Looking back on your work on those Scorpions records, it’s pretty amazing how far ahead of your time you were from both a technical and compositional standpoint.

That’s a nice compliment. I think I might have been different from a lot of the other players in that I was a little more critical of what I did. I didn’t just take the first thing that came into my mind and say, “Oh that’s a great solo, let’s just jam all over the place.” We made sure that every note on every album had a meaning and that they were connected and made sense. Some solos were completely improvised but even when that was the case, for me it was very important that the guitar lead should not only complement the song, it had to almost be like a higher octave of the song, if that makes sense. And for that to be possible, it really needs to originate from the very center of the song, from the spirit of the song. I guess that kind of approach made it possible to come up with guitar work that can stand the test of time. I learned that very early on from listening to Eric Clapton and Cream. His guitar work was not all over the place. All of his solos—be it “Sunshine of Your Love” or whatever—were all totally right for the songs. Hendrix did the same, of course. If you listen to “Watchtower” or “Axis Bold As Love,” it doesn’t get any better than that, and it’s not by accident. It’s inspired, but it’s not necessarily the very first thing that came into his mind.
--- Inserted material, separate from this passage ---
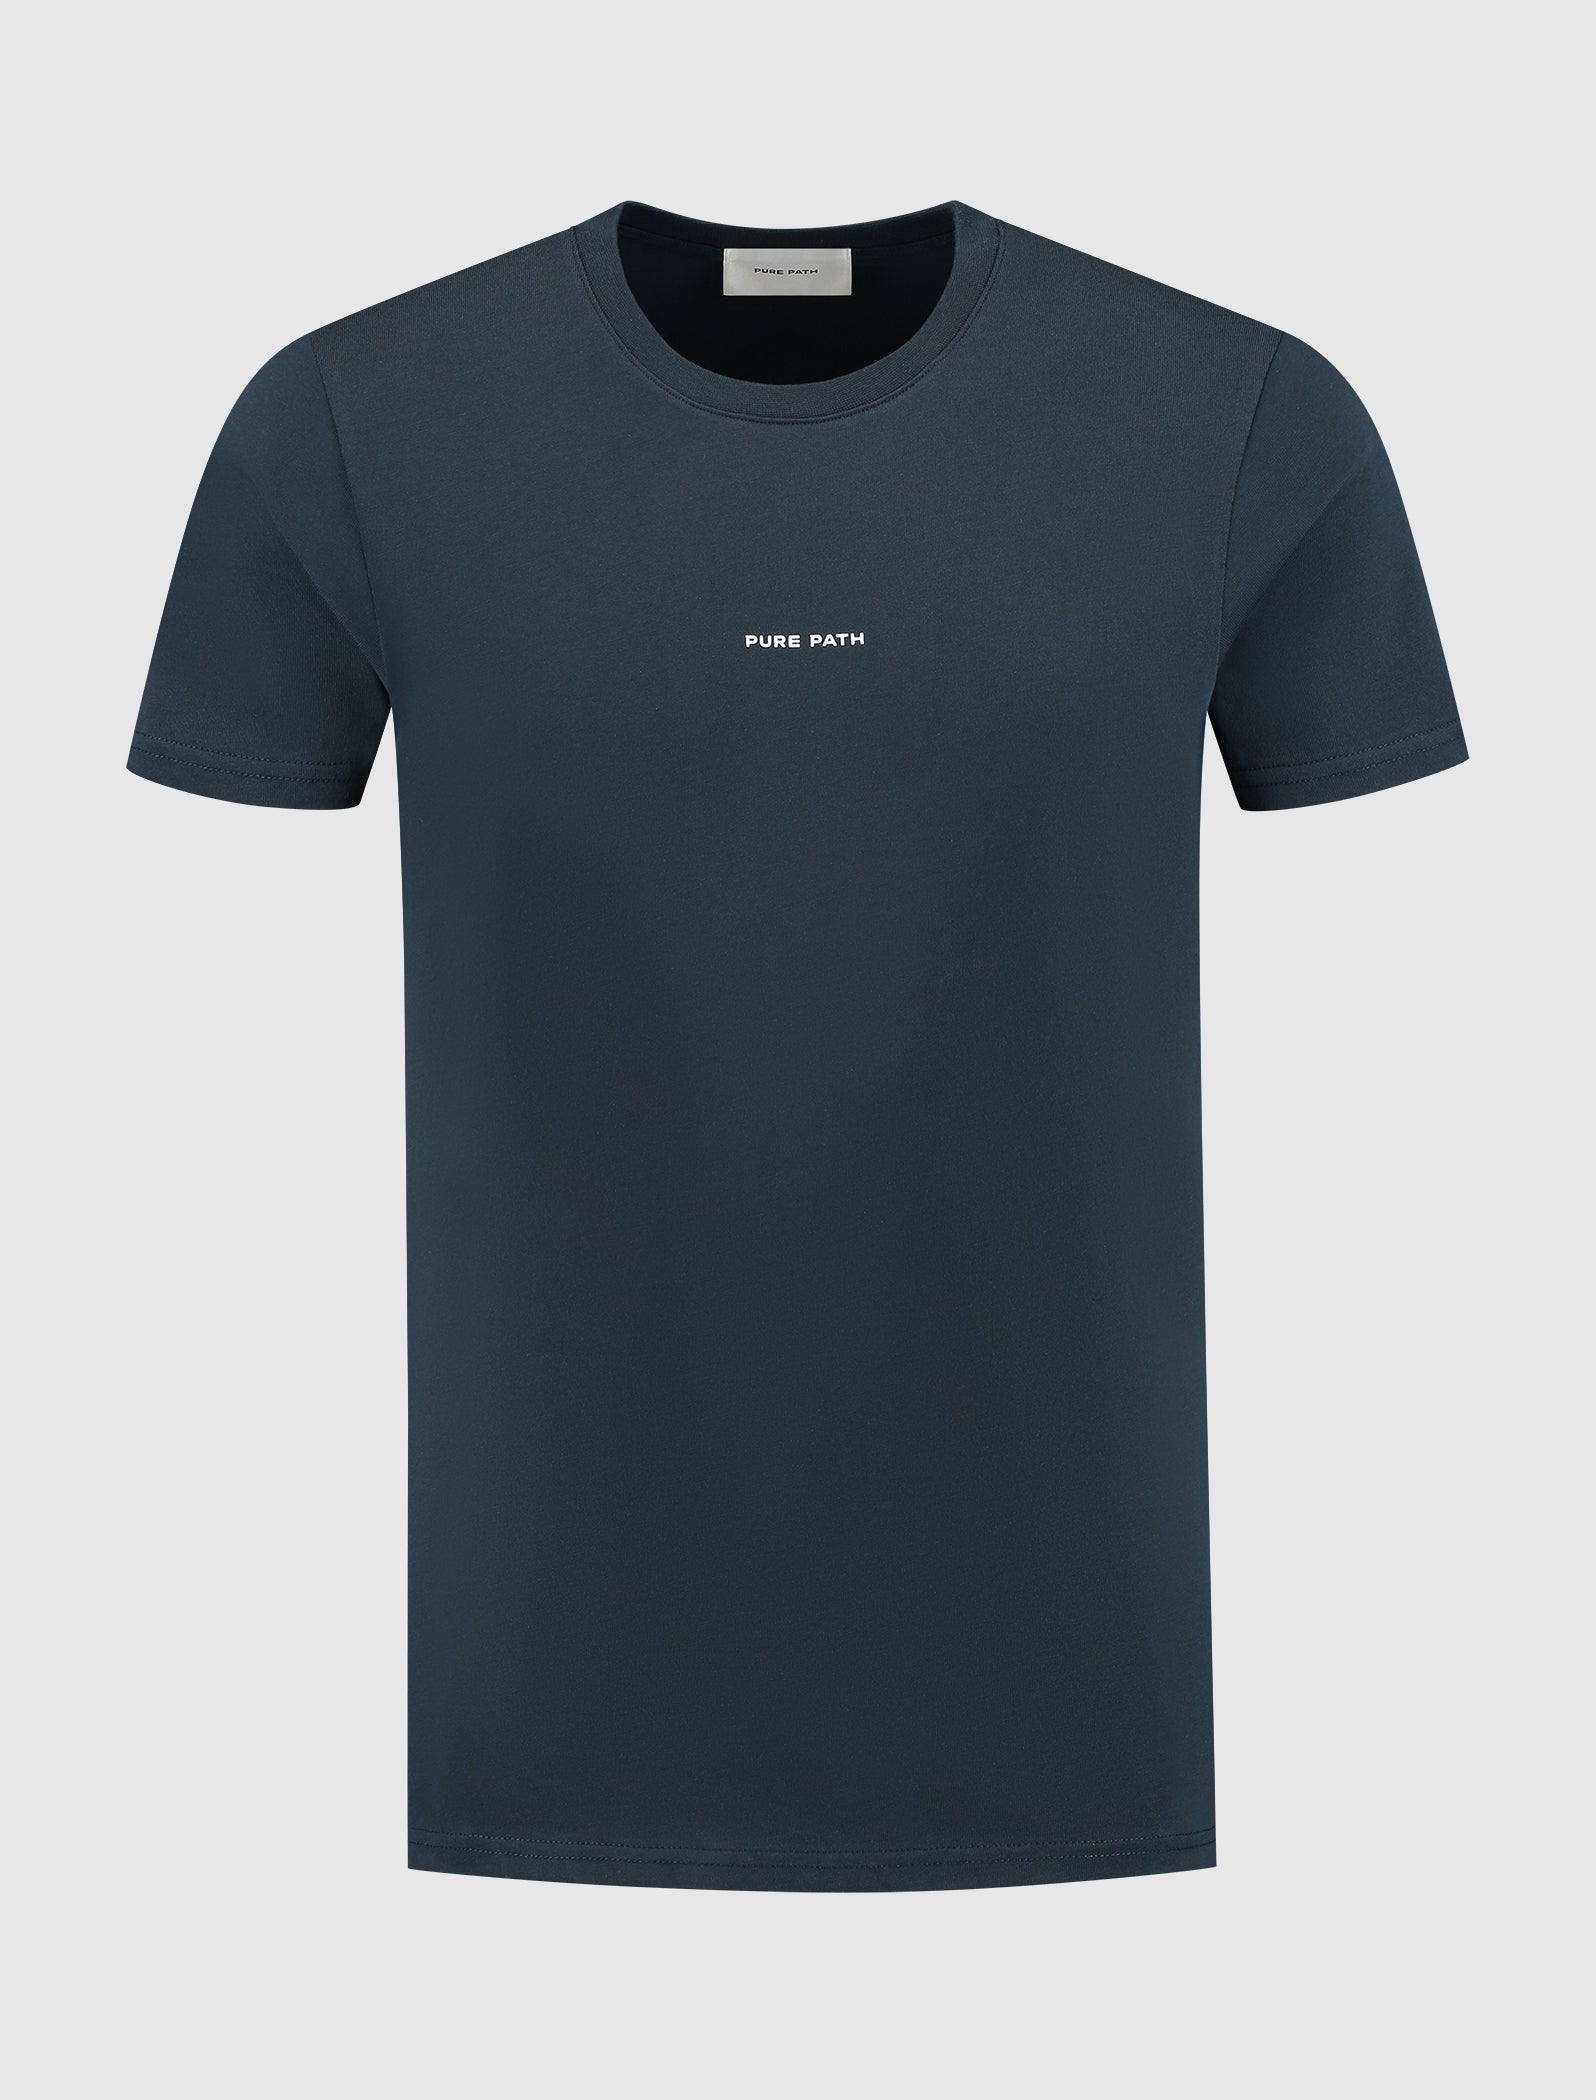 A New Era T-shirt | Navy
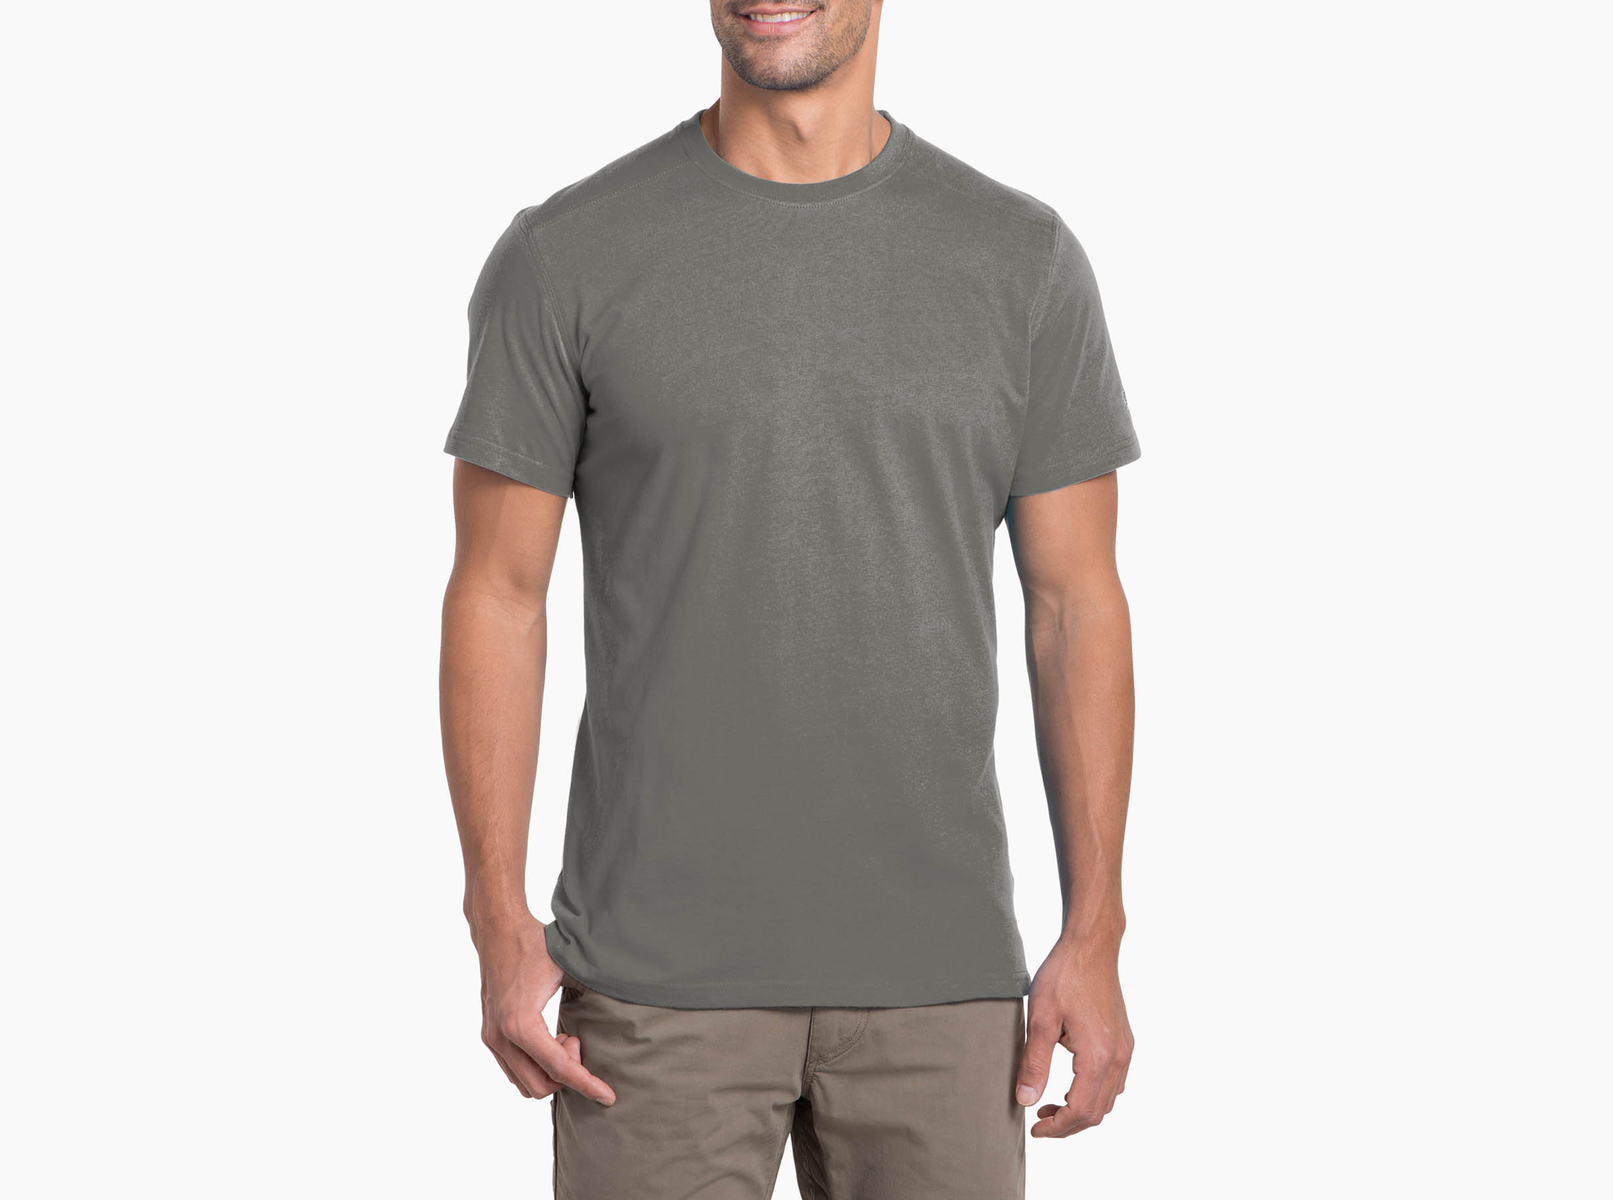 Kuhl Bravado Short Sleeve Shirt - Mens

You did some crazy whammy work on tunes like “Robot Man” and “Speedy’s Coming.” How did you get such huge range out of a Fender whammy system and how did you keep it in tune?

Let me tell you a secret: It was not in tune. It would go horribly out of tune and it drove me nuts. My G string was always going sharp. Back then I wasn’t very technically minded and I didn’t have a good guitar builder to tell me anything. I didn’t know about using Nut Sauce, about friction points, or any of that. So my guitar would go out of tune and I kept retuning or stretching the strings back into shape while playing. I got very used to that. Nowadays it’s much better. The systems on my Sky guitars go back in pitch most of the time. When they’re set up well, there’s no problem whatsoever. As for the range, I still have the same range that I had back then. But the range that I had was an illusion. It was exactly a standard Strat range. It sometimes sounded like more than what it was because I would use the tremolo bar in conjunction with bending a string.

Your amplifier with the Scorpions was a Marshall Super Lead Tremolo, right?

Correct. I called it the Beast because it was extremely loud—140 watts before clipping. I used that amp on every Scorpions album, all the Electric Sun albums, and I still have it. I’ve now gravitated to the Blackstar Artisan, which is basically a copy of the old Plexi, but I find it quite a bit more reliable. I can play a whole tour without even having to change the valves. I’m playing two Blackstars in tandem and they’re set differently, but it is a very similar tone to my old Plexi. It sings just as much, if not more, and it’s perfect with the Sky guitar.

Do you have any routines or rituals that you’ll do to get yourself in the proper place before doing a gig or a recording?

No. Absolutely none. I don’t believe in rituals at all. Rituals can be very powerful, but that is exactly the opposite of what I want and what I believe in. I believe in making it up as I go along. That means always trying to find the “perfect” answer to each question. It’s just like composition or improvisation. It’s a constant question and answer about what comes next. What’s the next best possible note? As a composer, it’s important that one’s mind be almost like a hound or a sniffer dog on the trail, on that scent of where the next best possible answer is. A ritual is basically like a crutch—to repeat something that has been effective at one point to get the same result over and over again. I don’t want the same result. I hate repetition. Look at my songs—I hardly ever repeat any melodies and that’s why they’re not commercial. I like constant surprises, challenges, and change.